This one is a riot and frankly had me stumped longer than I care to admit. I had a user call in saying their desktop icons had all turned white/blank.
It started with one user, then another, and then that number grew to six. The common denominator was that each of these users had been recently upgraded from Windows 7 pro to 10 pro. Which, BTW you can still do for FREE. (Disclaimer on that, I don’t know how long that upgrade link will be good for. Microsoft had announced it would be ending, but it clearly hasn’t. Also, make sure you update your chipset and video drivers afterwards.
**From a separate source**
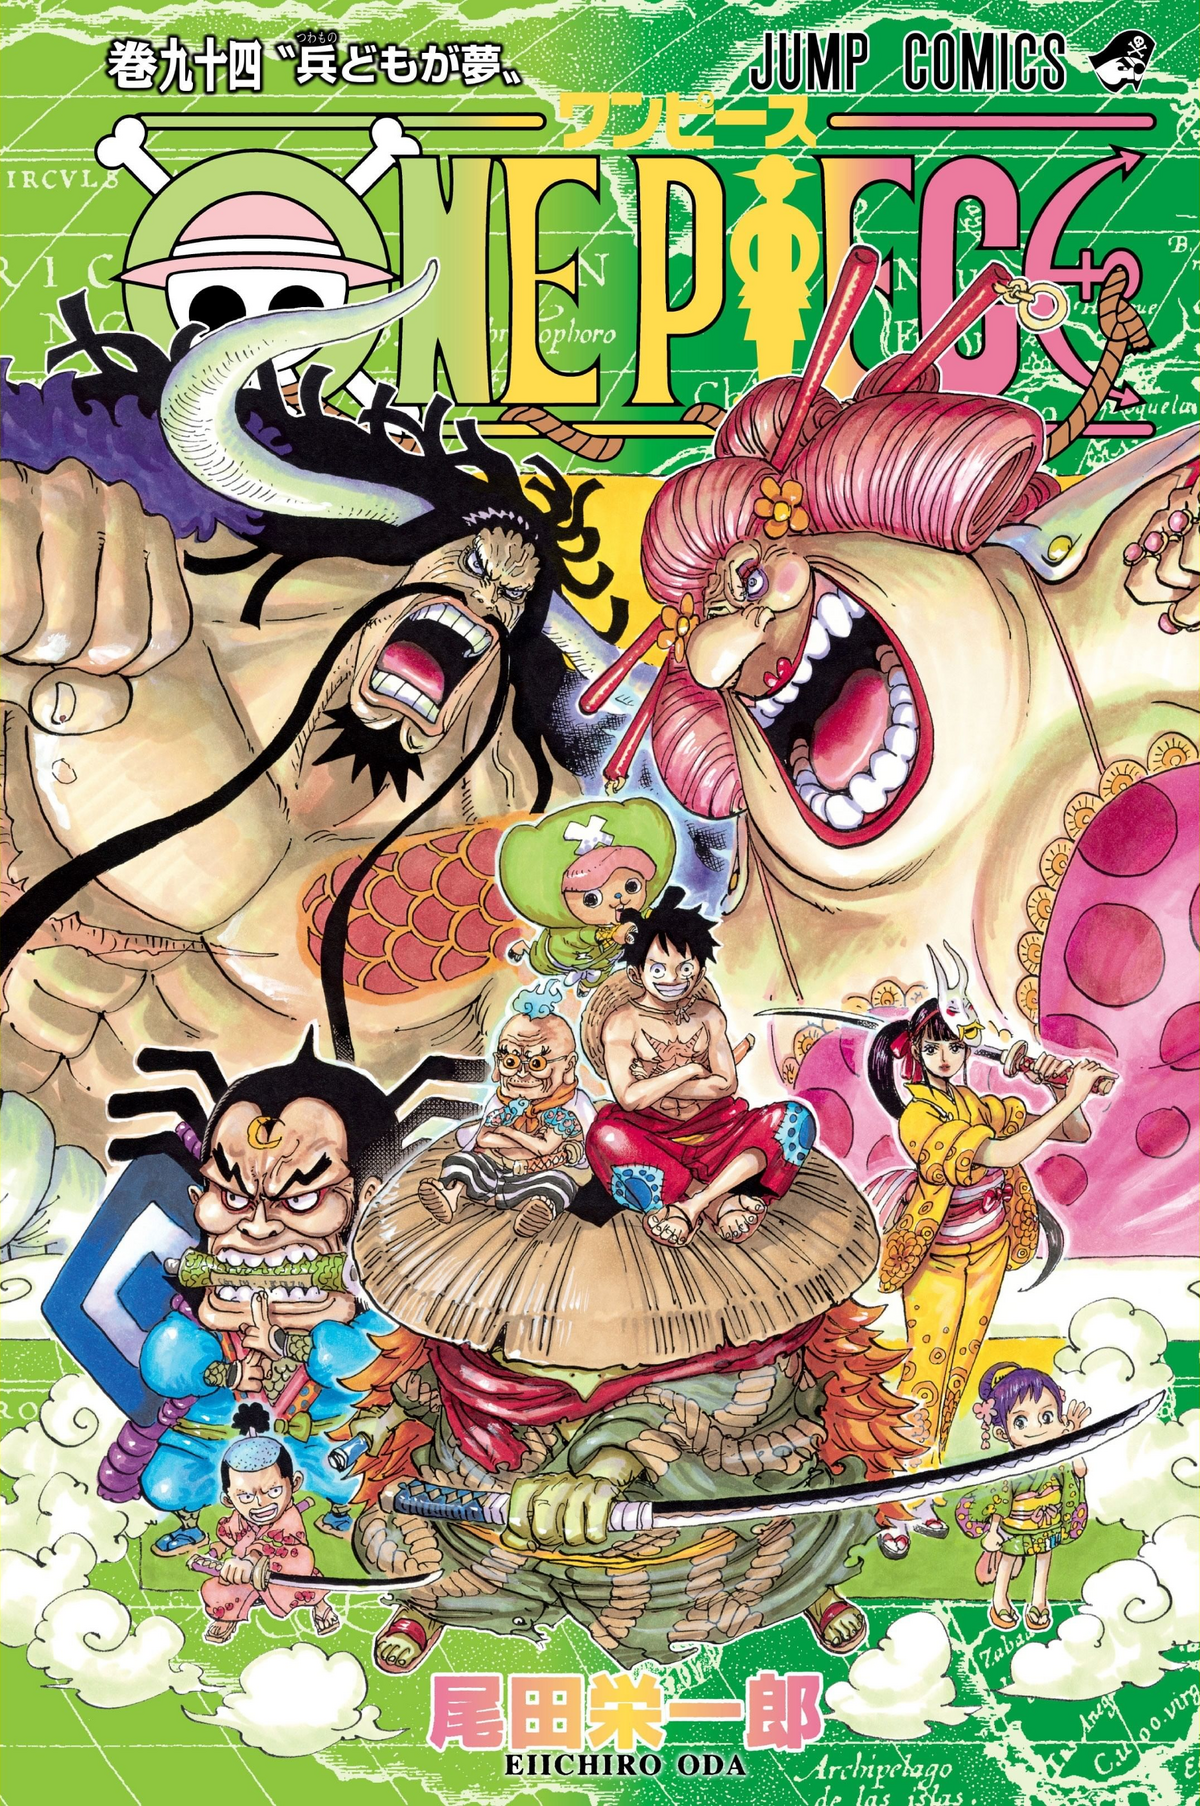 One Piece: ¿Cuáles son las sagas más largas del anime? ¿Y del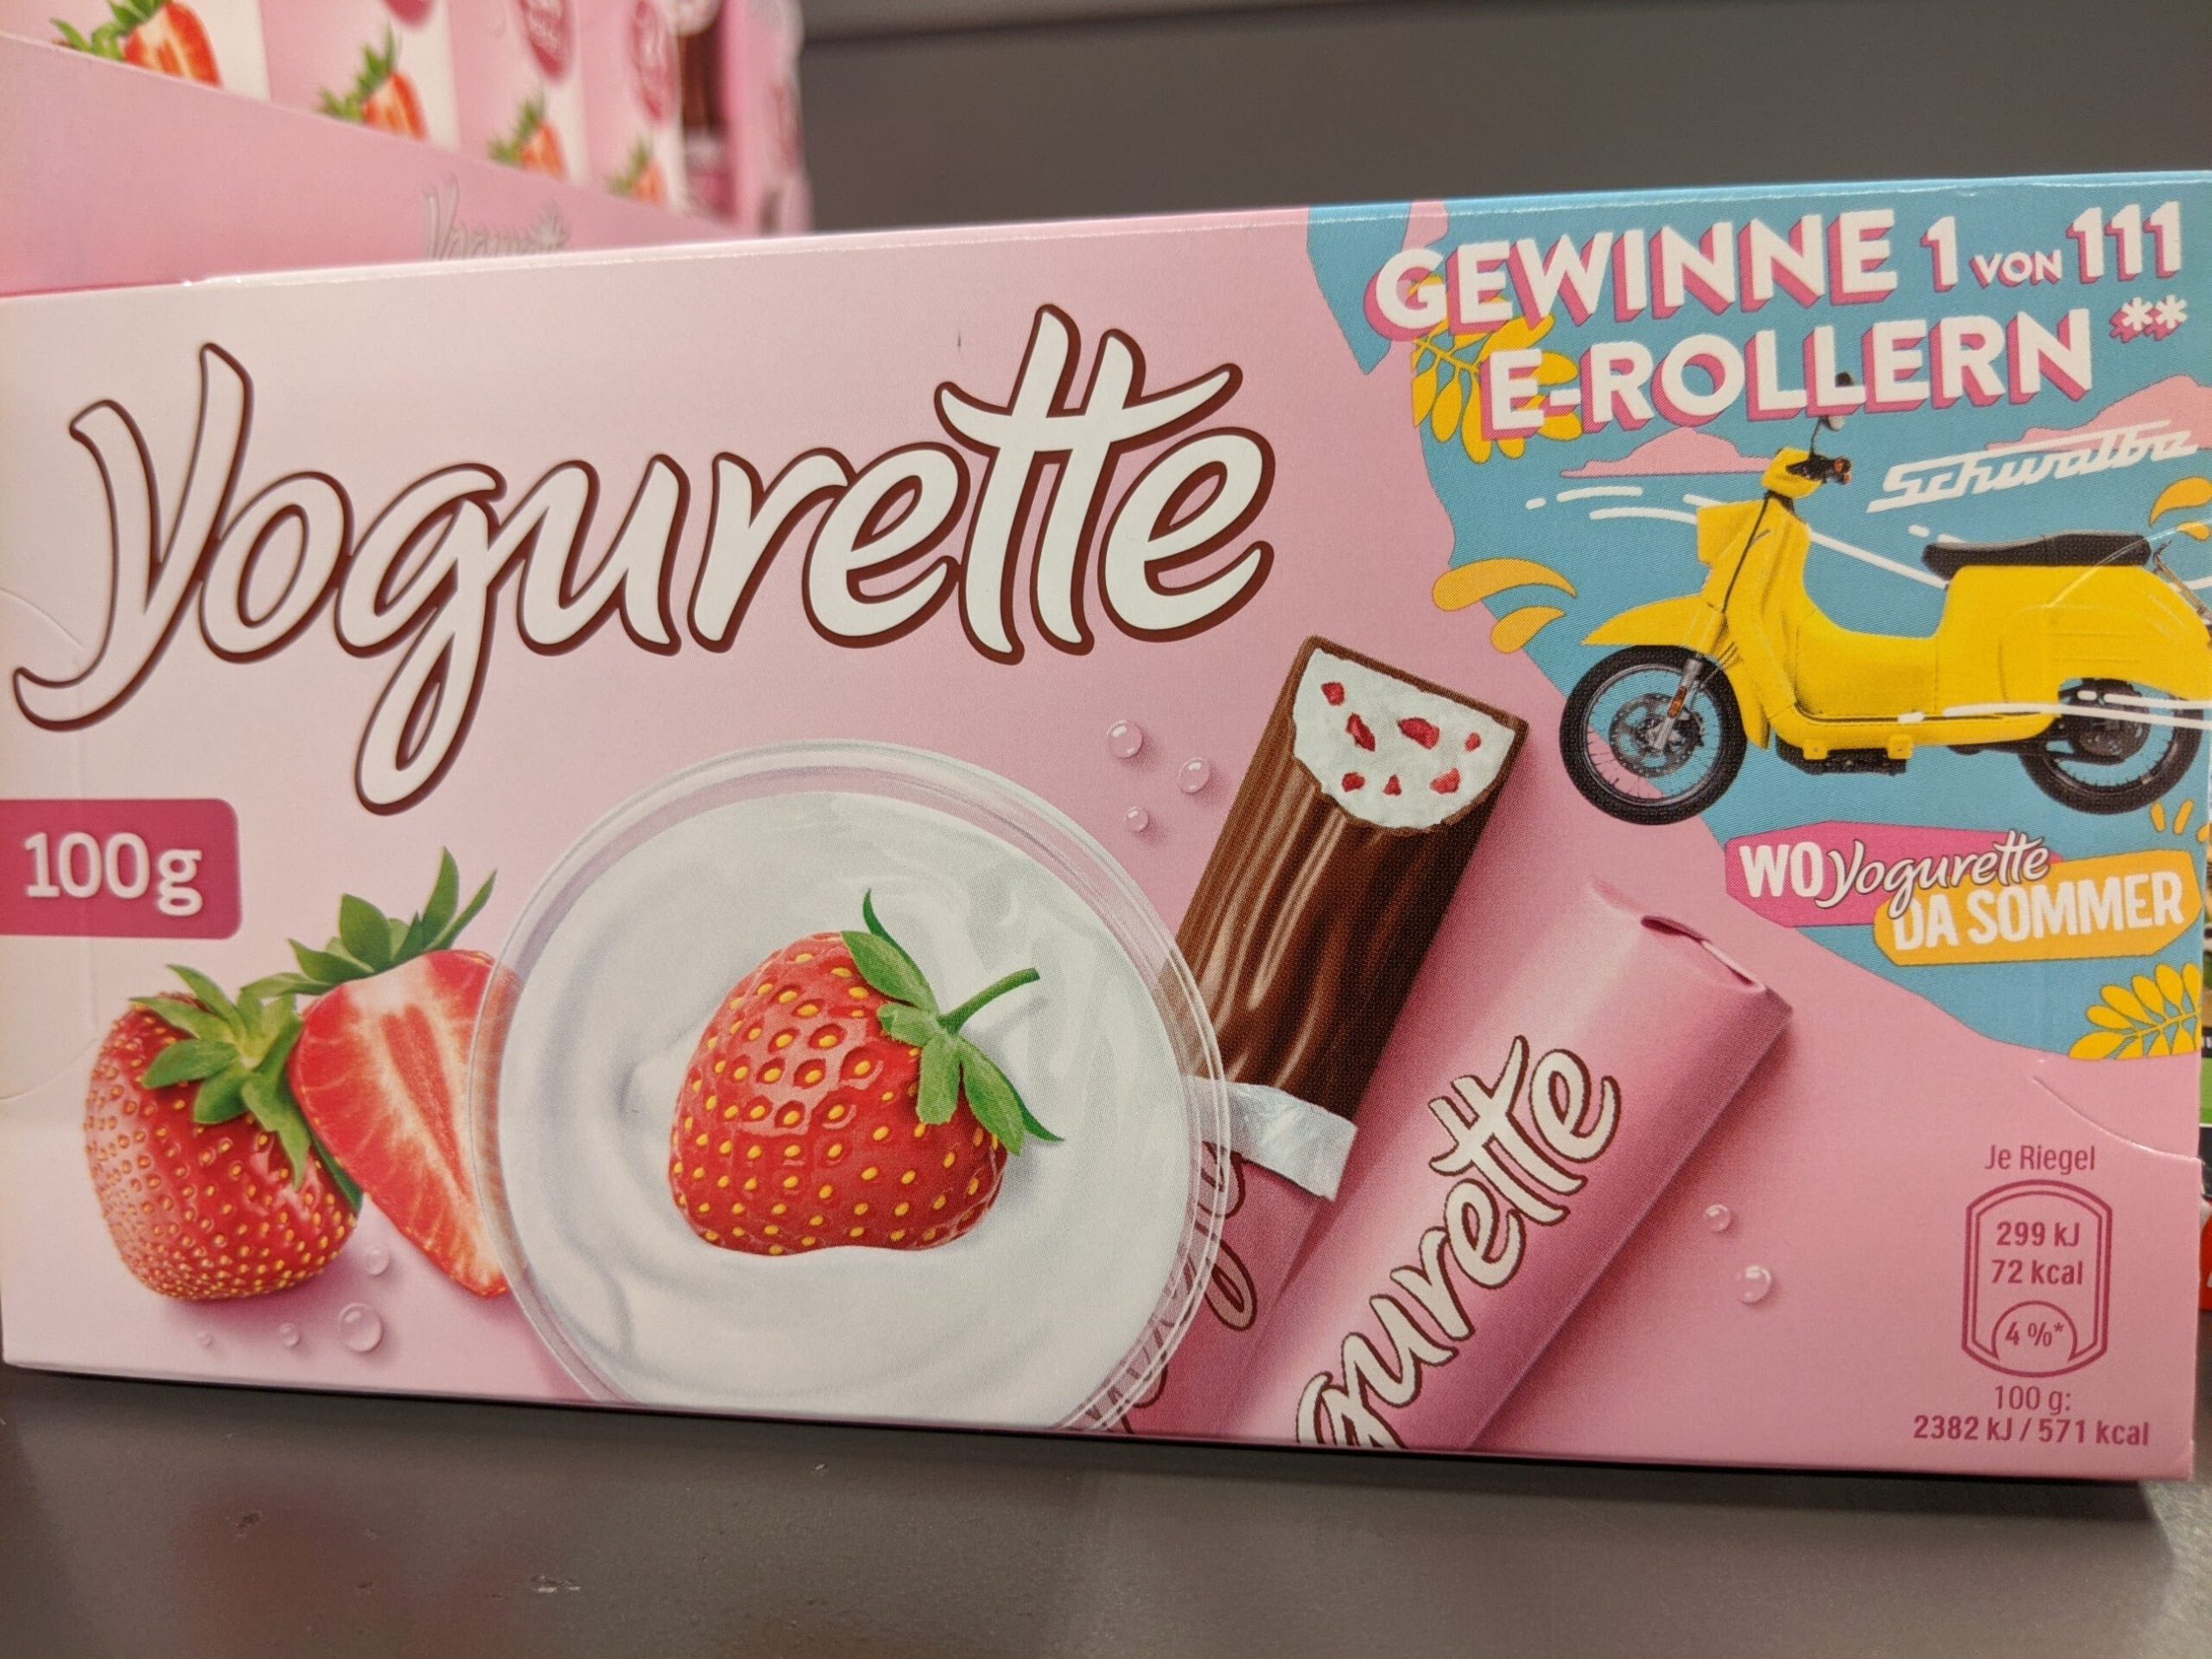 Yogurette: E-Roller Schwalbe von Govecs gewinnen - Code eingeben

Dual monitors don’t like to work with the Windows 7 drivers. Dell just had a bunch of updates between December and February 2019)
I digress. Anyway, these people had all been updated at different points in the past few weeks, but the icon issue happened to them all in a 48 hour time frame. Also, it was affecting any user that logged onto the affected machine. Gotta be an update right? We attempted rolling back a cumulative update on Feb 11th for 1809, this did not work. Here are some of the other things I attempted that did not work; however, in different instances they make work for you:
- Clear the icon cache. First- in file explorer, make sure you change the view to show hidden folders.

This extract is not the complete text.